- [What the task requires]
Every line below from the one with "Modway Sojourn Outdoor" through the one with "T8 Lead Screw" should be retyped exactly, both ends included; no other lines and no pictures.

- [Given records]
------------------------------------------------------------------------
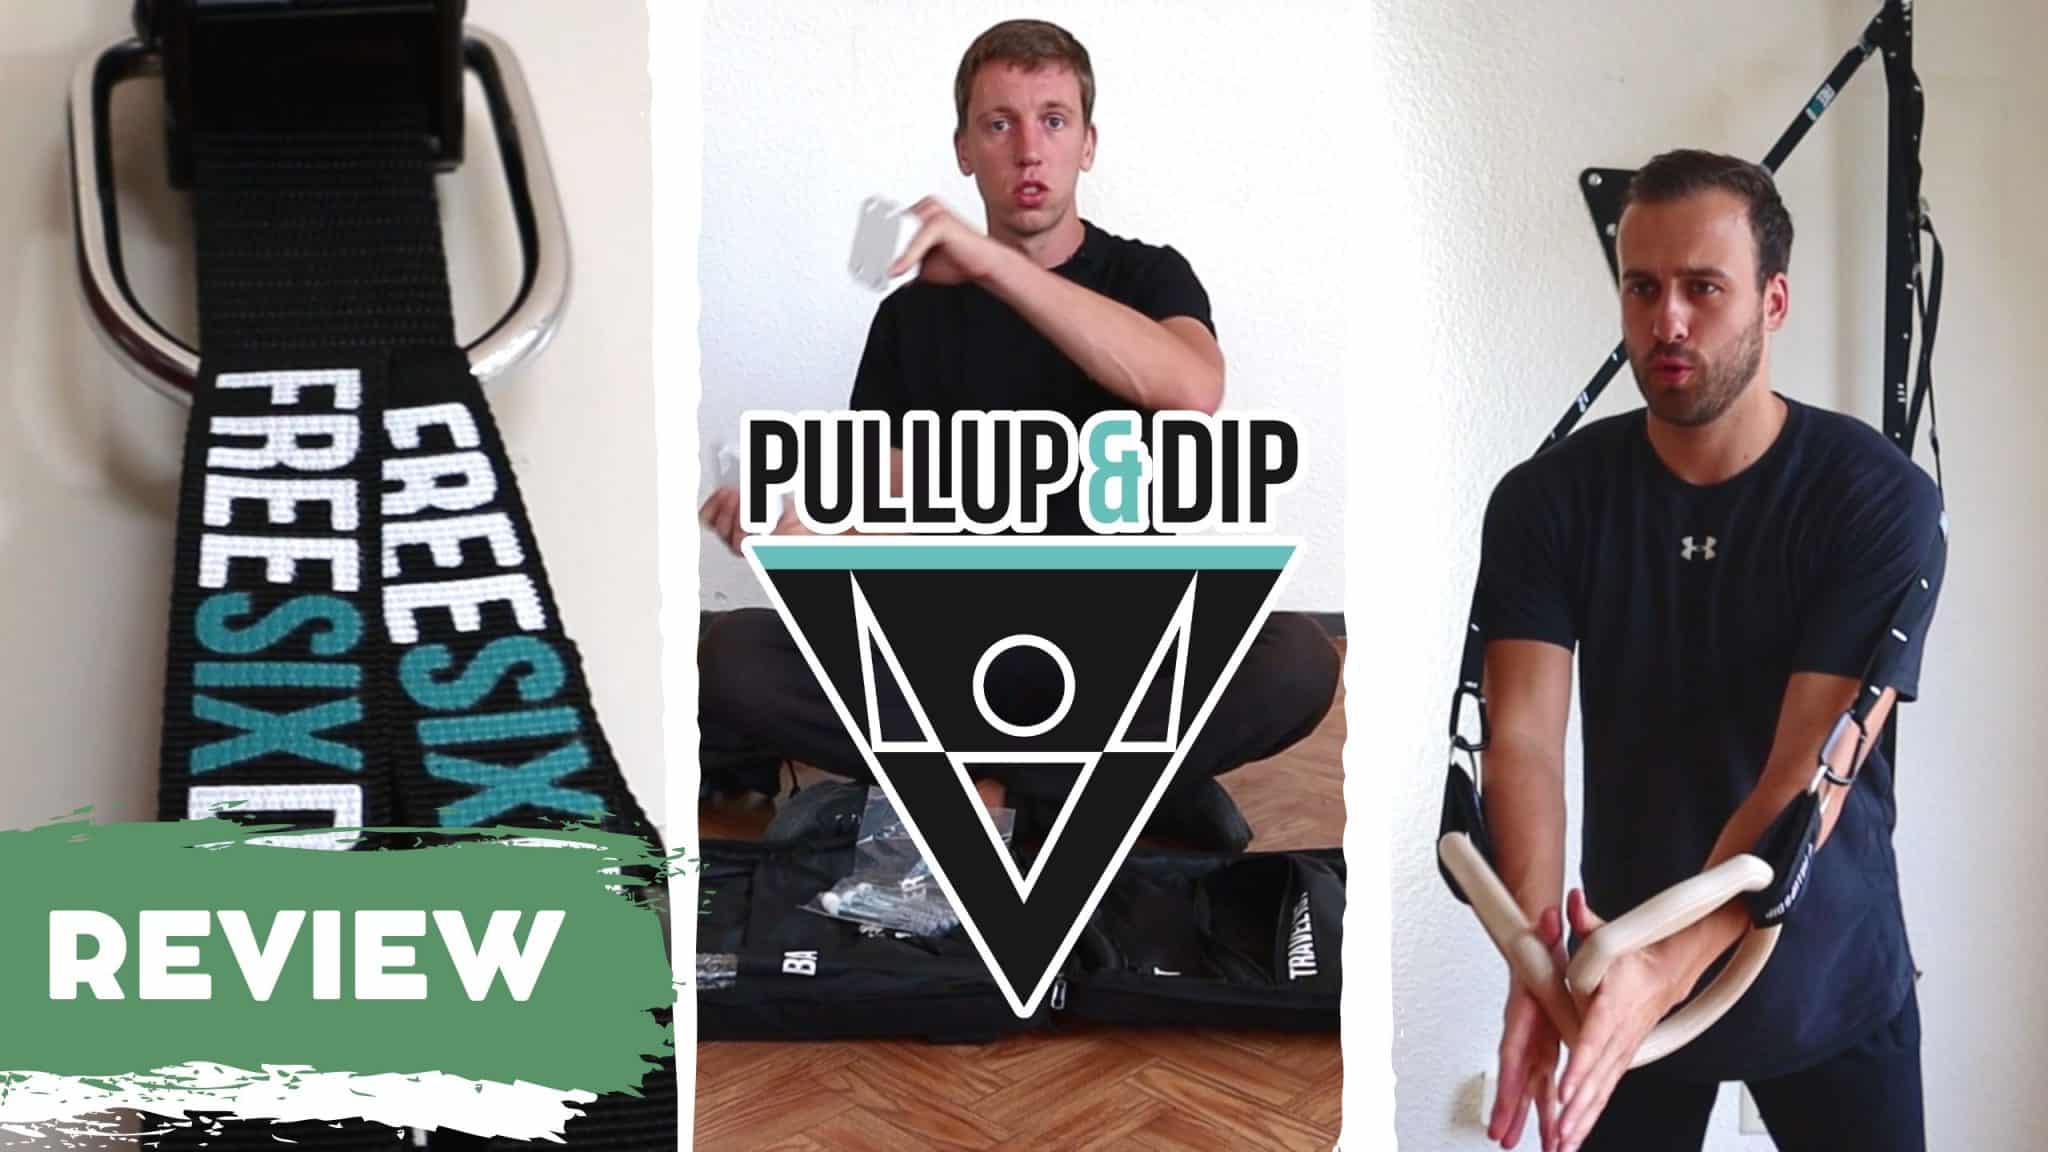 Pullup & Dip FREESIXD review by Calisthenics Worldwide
------------------------------------------------------------------------
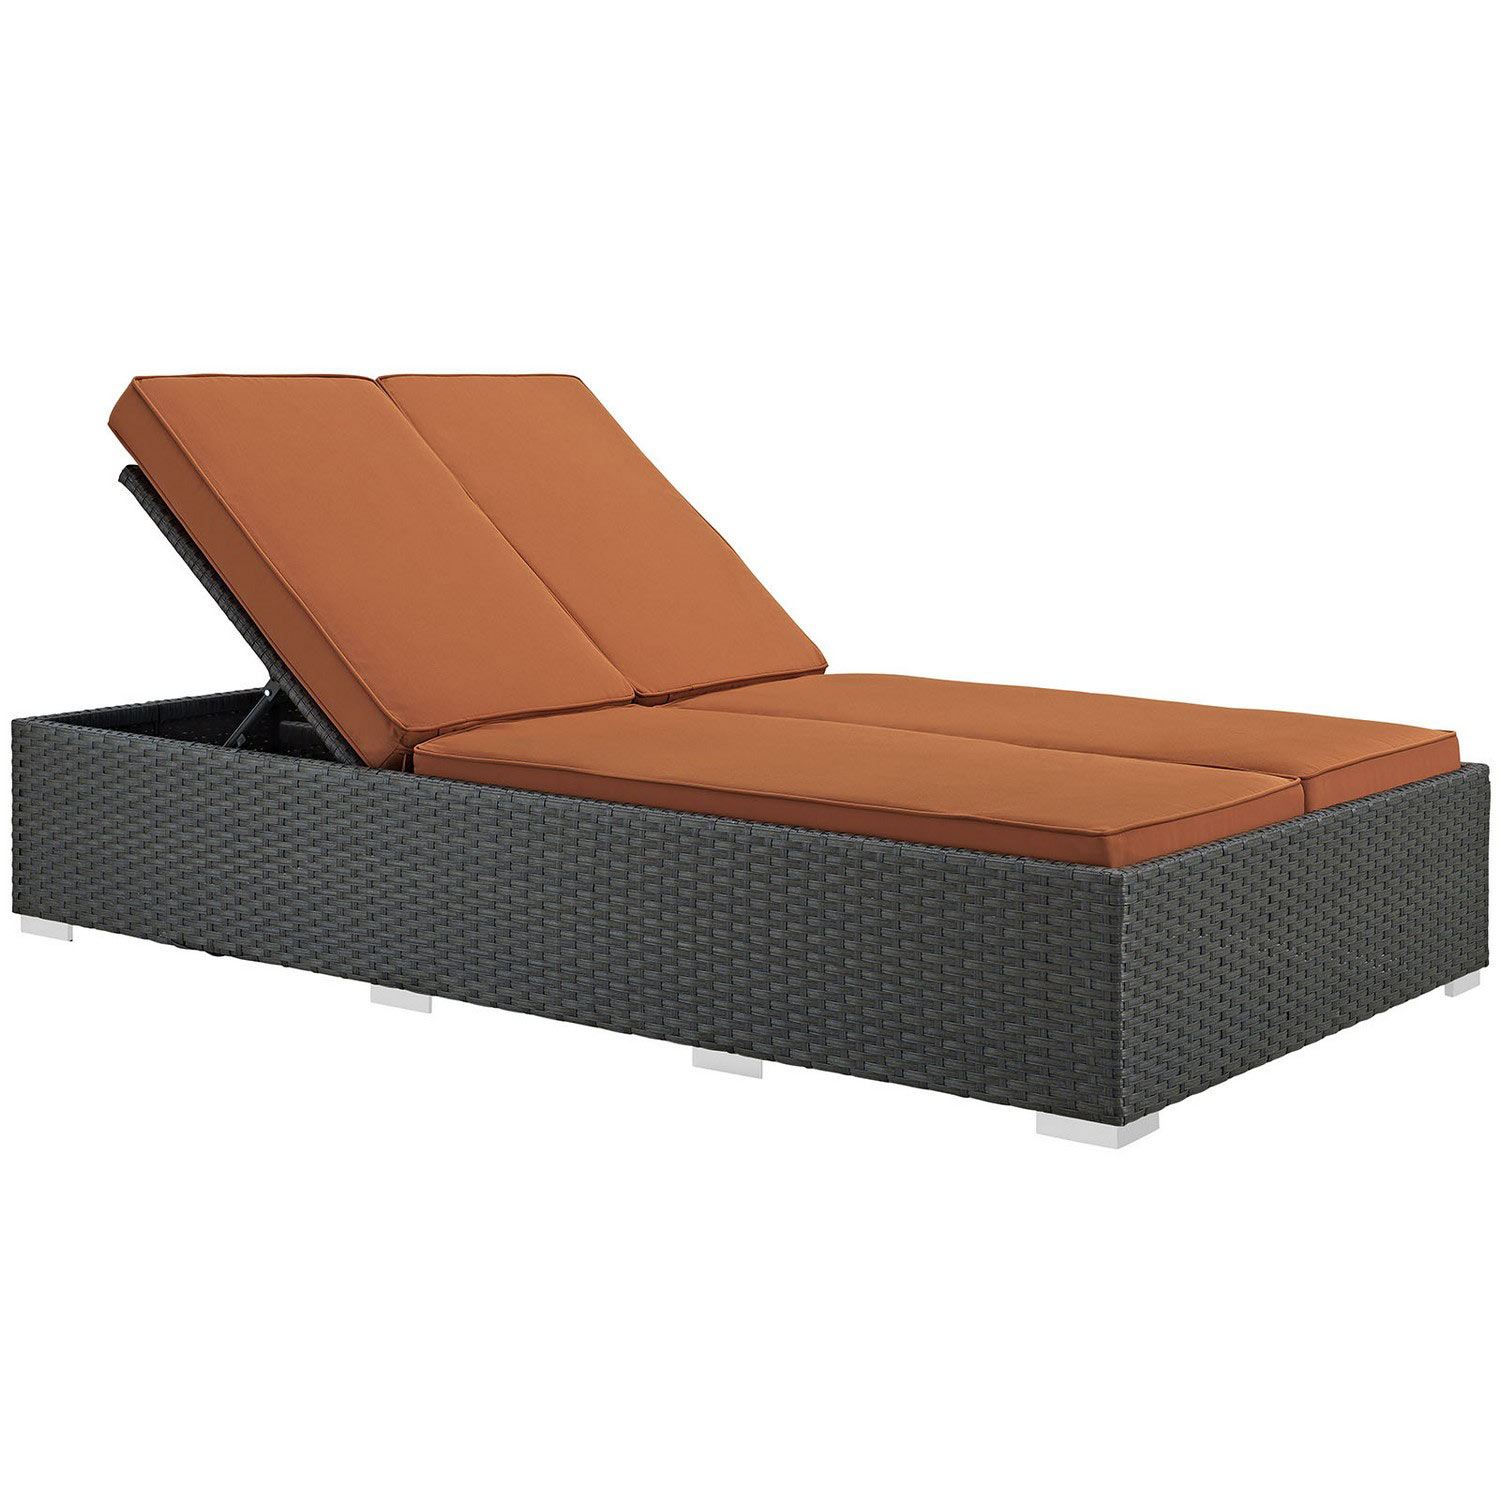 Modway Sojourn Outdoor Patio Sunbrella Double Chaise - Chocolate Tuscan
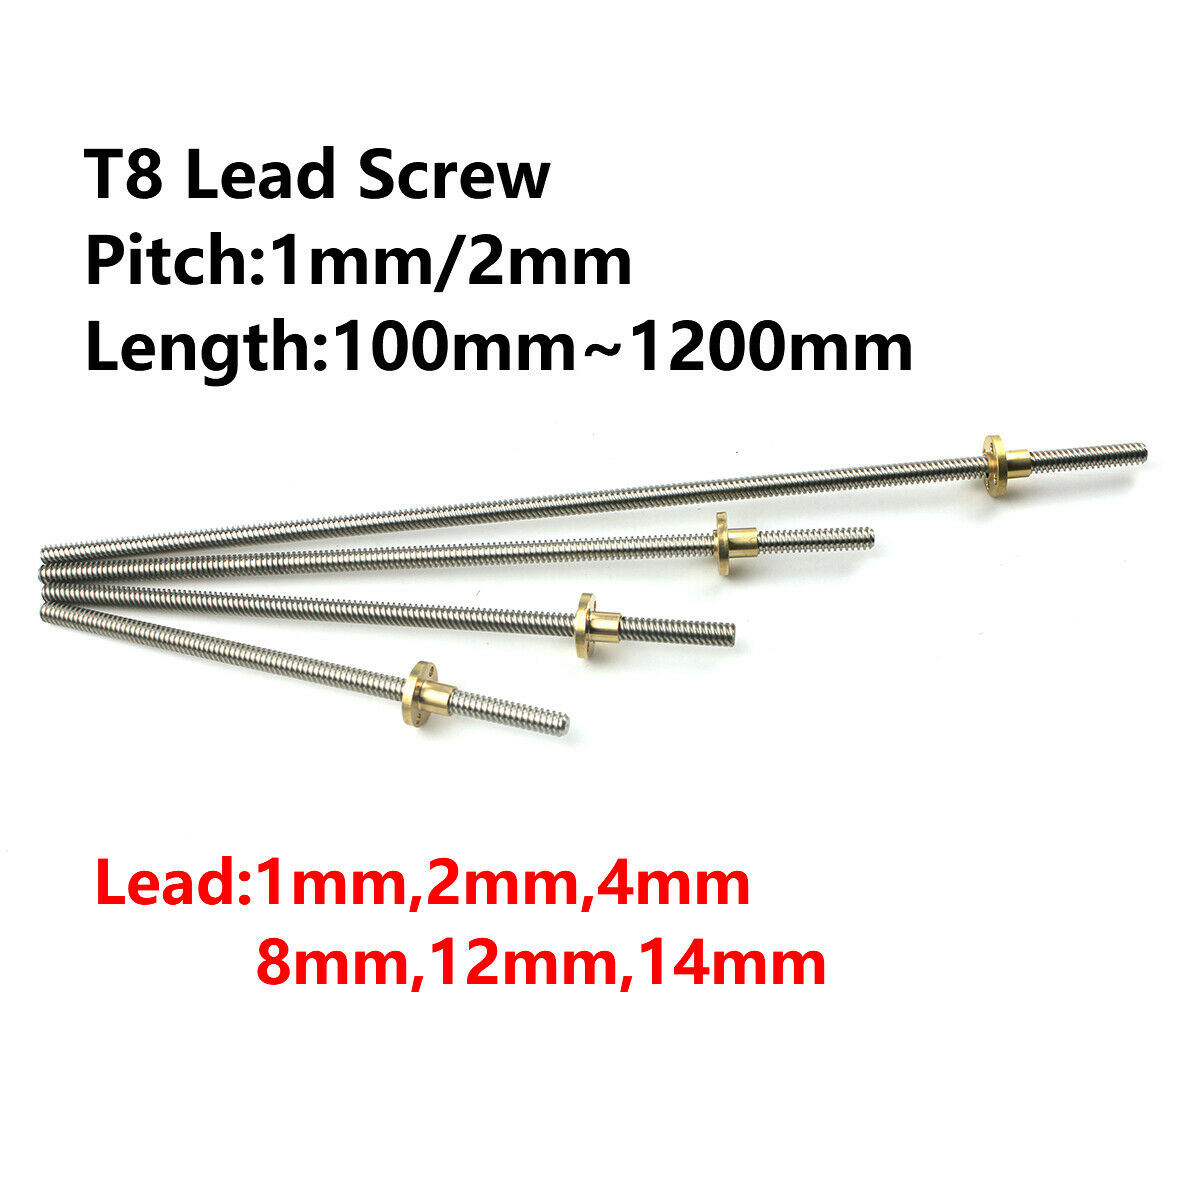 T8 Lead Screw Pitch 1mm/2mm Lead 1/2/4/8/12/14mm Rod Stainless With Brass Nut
------------------------------------------------------------------------
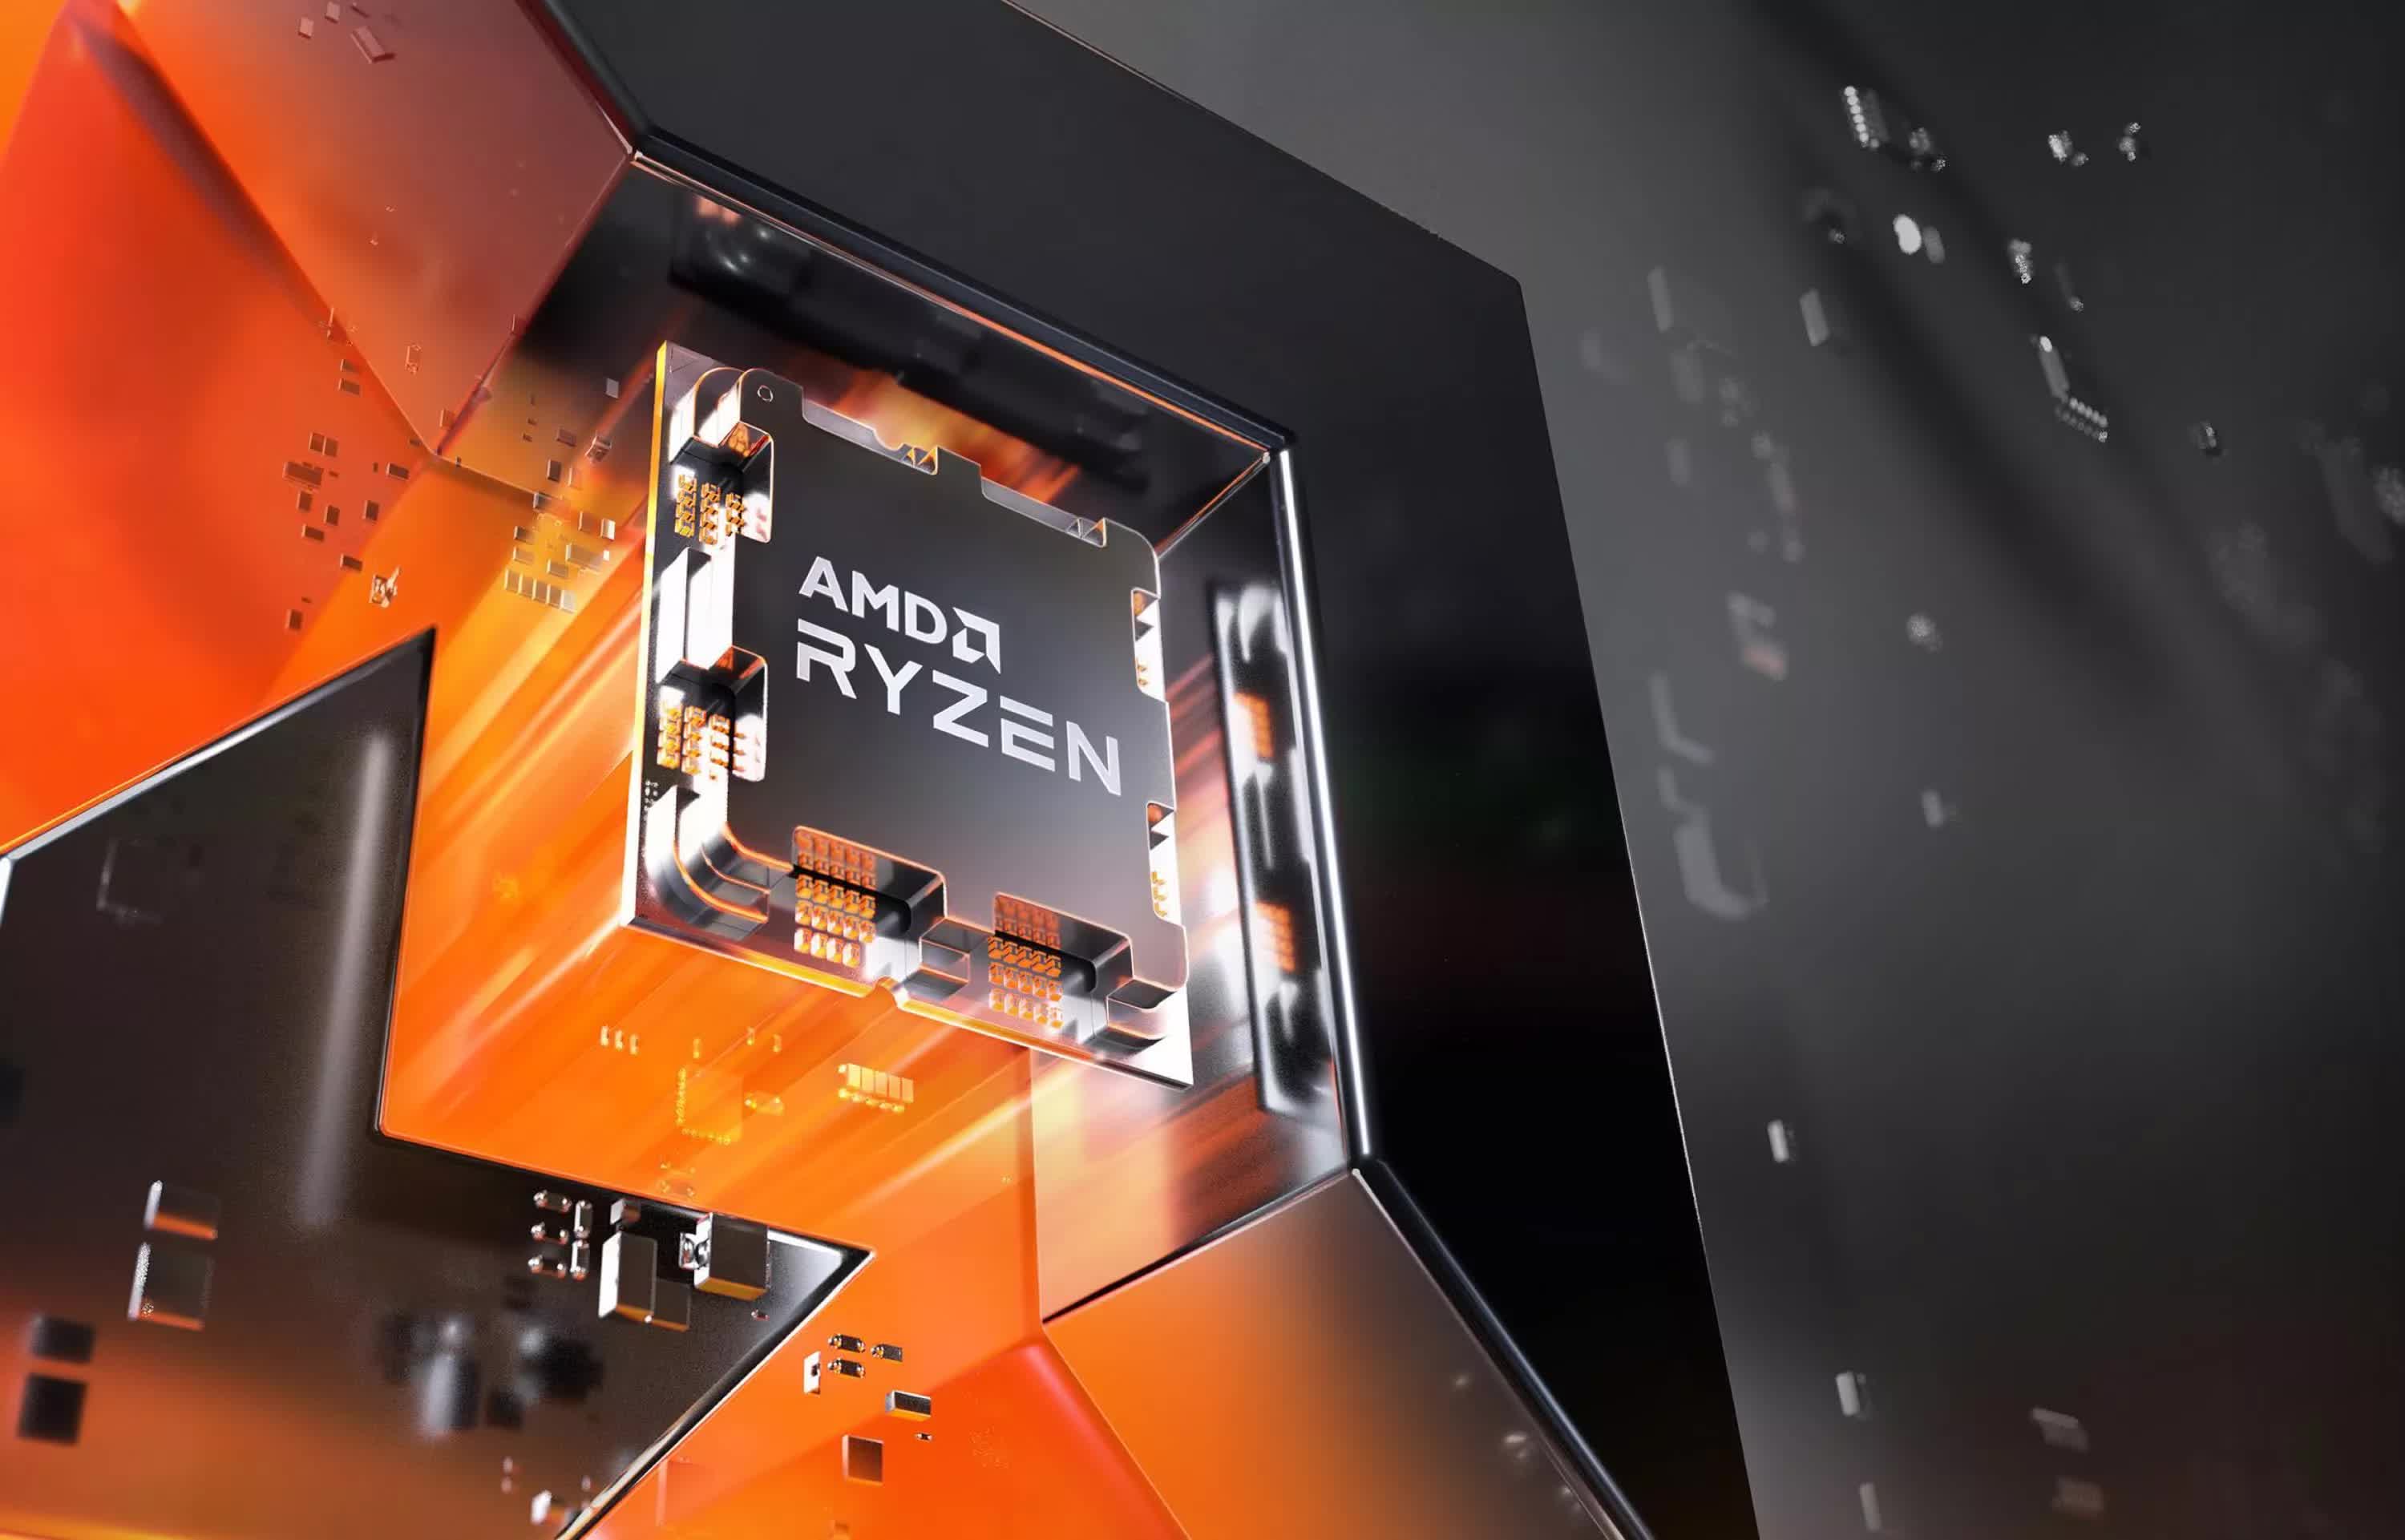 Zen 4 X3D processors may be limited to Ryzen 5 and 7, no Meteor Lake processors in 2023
------------------------------------------------------------------------
- [Result for this task]
 Modway Sojourn Outdoor Patio Sunbrella Double Chaise - Chocolate Tuscan
 T8 Lead Screw Pitch 1mm/2mm Lead 1/2/4/8/12/14mm Rod Stainless With Brass Nut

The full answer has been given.